Через расступившуюся толпу к нему подошел Ядринцев.
Беркут протянул большую, уже полумертвую, белую руку. Он лежал на спине.
– Поспел… Сева… На выстрелы. По-нашему, по-офицерски… Спасибо… Бери проводников… Прямо… змейками в лес… Поспеешь… Сколько привел?
– Три батальона, полных.
– Людей сколько?
– Две тысячи сто… Старые солдаты… Кавалеры.
– Тебе сдаю команду… И Боровое тебе…
– Поживешь еще, Беркут.
– Нет… Знаю уж… Конец… Ну, с Богом… Батарею возьмешь… Она уйти не может. За Кабанью гать забралась… А наши… а наши Кабанью гать подорвали… С Богом… Дай я тебя перекрещу… милый…
Несколько мгновений после ухода Ядринцева Беркут лежал неподвижно, с закрытыми глазами. Он, видимо, сильно страдал. Смерть приближалась.
– Владимир… – тихо прошептал он. – Песенники собрались?
– Атаман…
– Ничего… Немного… Умирать… с музыкой… Пойте мою… любимую.
Кто-то из песенников с перевязанной окровавленной тряпкой головою испуганно прошептал:
– Хорошо ли оно петь-то? Помирает атаман.
Беркут открыл глаза и повел головой.
– Не сомневайся, братец… Пой… – прошептал он. Он увидал Феопена. – Пусти октаву… Феопен…
– Начинай, Владимир Всеволодович, – подтолкнул Владимира Феопен.
Шесть голосов не слишком стройно запели любимую атаманскую песню.
Пей, друзья, покуда пьется.
Горе жизни забывай.
В партизанах так ведется:
Пей, ума ни пропивай…
Песенники перестали петь. Отец Иоанн в черной епитрахили поверх шубы и со Св. Дарами в руках подошел к Беркуту и наклонился над ним.
– Сейчас, батюшка… – слабым, но ясным голосом сказал Беркут. – На Кавказе в моей роте эту песню пели. Давно это было… Была тогда Россия… Царь был… Солнце было… Счастье… Был я тогда молодым подпоручиком… В тот год дали нам на наши гладкие пуговицы орлы Российские… Портупеи золотые взамен кожаных дали… Радовались мы тогда всякой малости. Были как дети… Хорошо быть, батюшка, как дети… Пили мы, батюшка, вино кахетинское… Крепко любили свой старый трехвековой полк… Лейб-Эриванский Его Величества… Солдат учили… Как, батюшка, стреляли… Выше отличного… Дайте порадовать душу. Позвольте им еще спеть мне.

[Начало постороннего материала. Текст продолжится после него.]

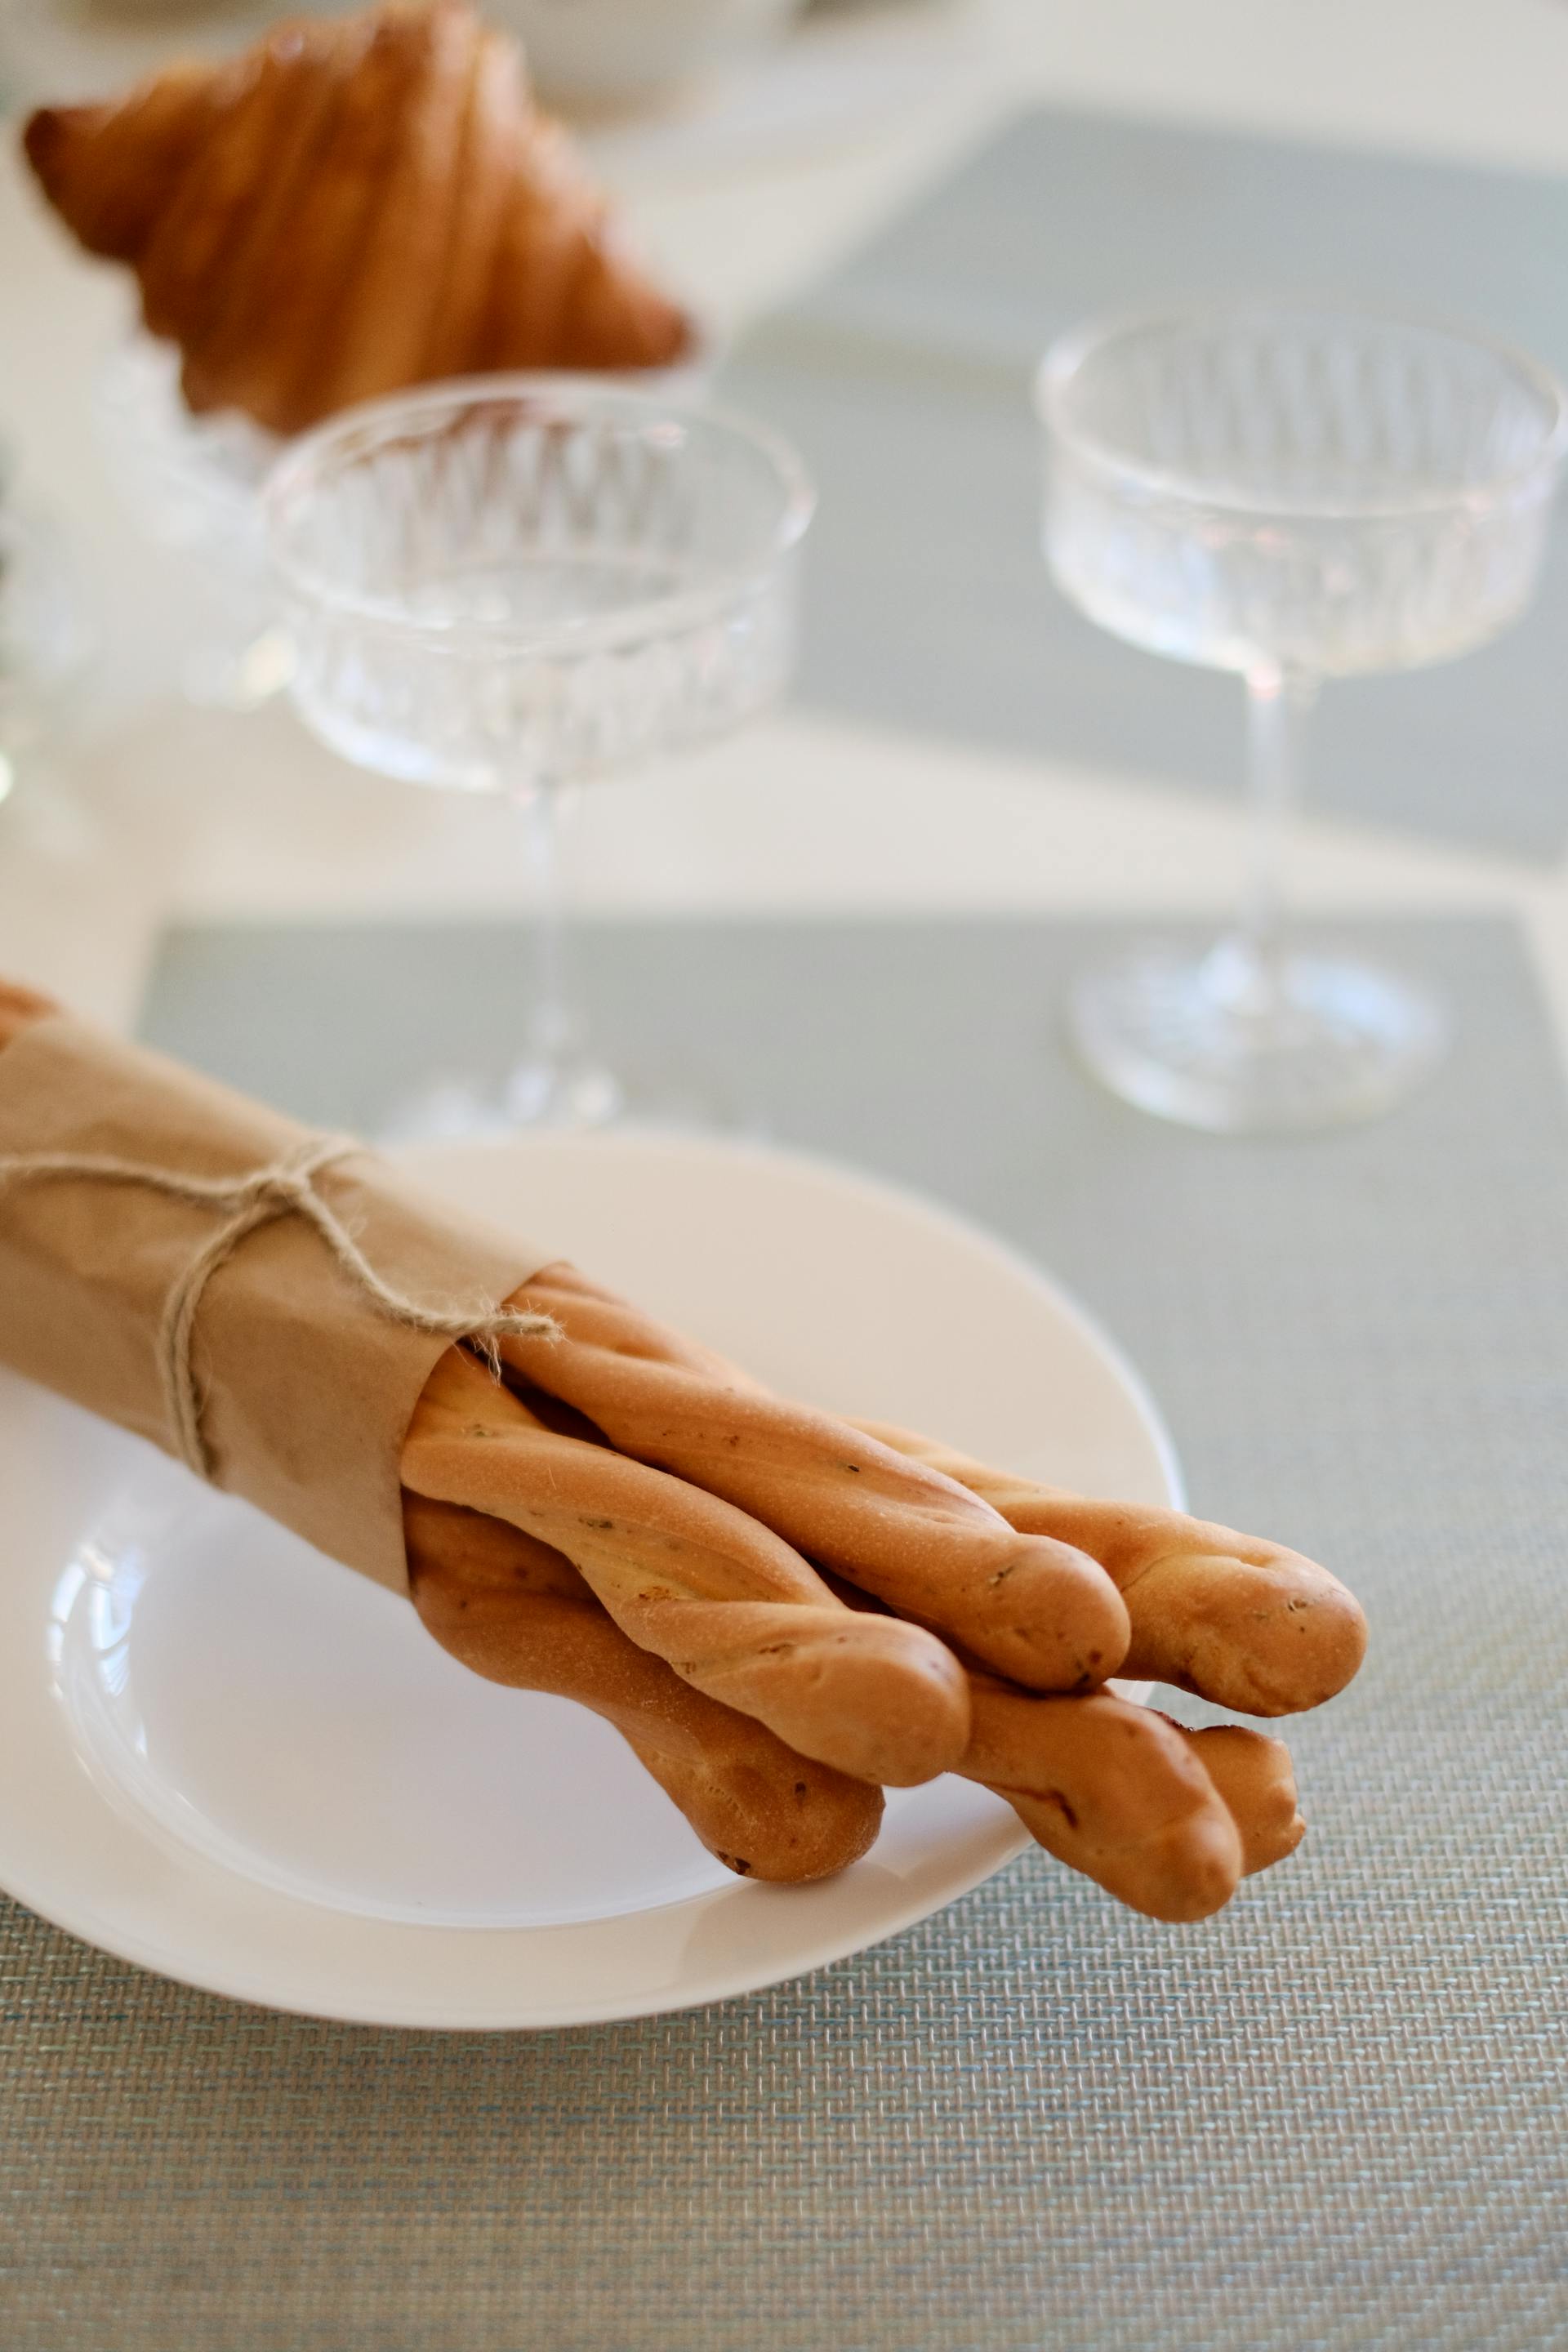 Breadsticks on a plate | Source: Pexels

Отец Иоанн молча кивнул головой. Он отошел несколько в сторону.
Может, завтра по эту пору
Нас на ружьях понесут,
И солдатскую рубаху
Кровью алою зальют.
Люди не могли дальше петь. Слезы душили партизан.
– И солдатскую рубаху, – прошептал Беркут, – кровью алою зальют… Вот уже и залили… навсегда… Только не солдатскую, а генеральскую… Генерала, Царю и России никак не изменившего… И вы, друзья… братья… Не изменяйте России. Богу молитесь, чтобы Царя нам послал… православного… Ну, пойте… Что же вы стали?.. Феопен… октаву…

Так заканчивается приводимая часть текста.